On comprend donc l’importance que revêt un instrument de lobbying comme la France China Foundation pour cette société, et pourquoi Alain Mérieux s’y est fortement impliqué dès sa création.

La France China Foundation, entre lobbying économique et marigot politique

Le Conseil Stratégique de la France China Foundation, qui définit les grandes orientations que doit prendre cette institution comprend quelques-uns des PDG des plus grands groupes français comme L’Oréal, Accor, AXA, ENGIE ou VIVENDI, tous fortement implantés en Chine, ainsi que la Banque Lazard qui dispose d’une forme de présence double au travers de son président Bruno ROGER et de la présidente du directoire d’EURAZEO : Virginie MORGON. EURAZEO ayant été la société d’investissement de Michel-David WEILL, ancien Chairman de Lazard LLC.
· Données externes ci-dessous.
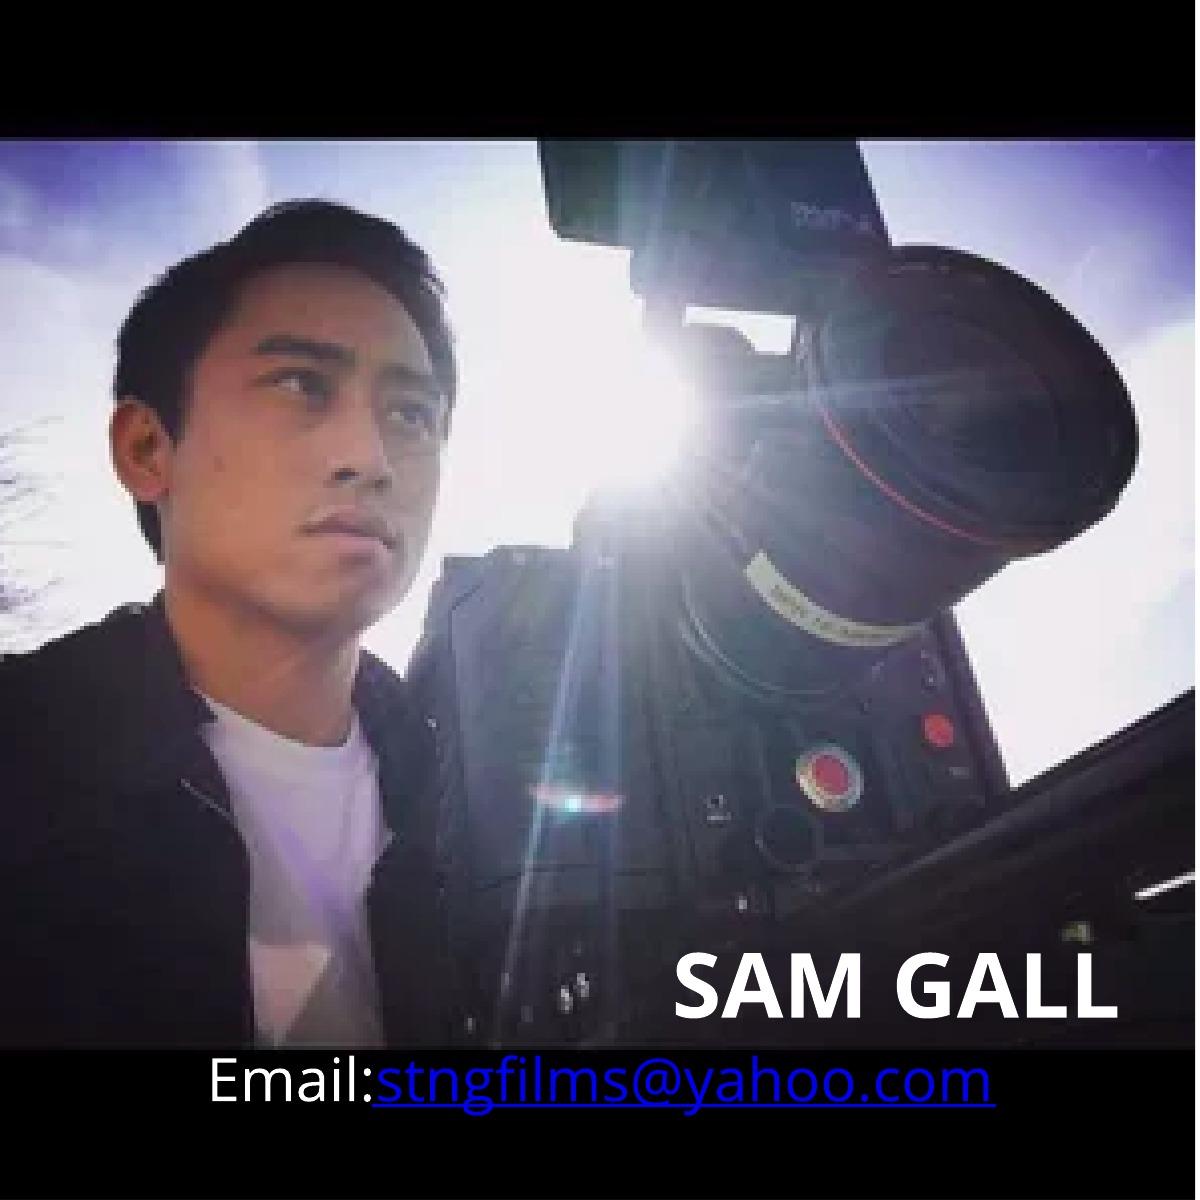 SAM GALL | Filmmaker

Il n’est pas inintéressant non plus de savoir que Lazard jouit d’une vieille amitié avec bioMérieux, car c’est Lazard qui conseillait le Groupe Wendel dans sa tentative de prise departicipation chez Mérieux en 1988, à une époque ou Mérieux souhaitait se sortir de son actionnariat américain et avait envisagé plusieurs solutions, dont une de fusion avec le groupe de Pierre Fabre. Même si bioMérieux aujourd’hui fait appel à d’autres banques d’affaires pour ses opérations de fusions et acquisitions (Deloitte, Degroofou encore Goldman Sachs…).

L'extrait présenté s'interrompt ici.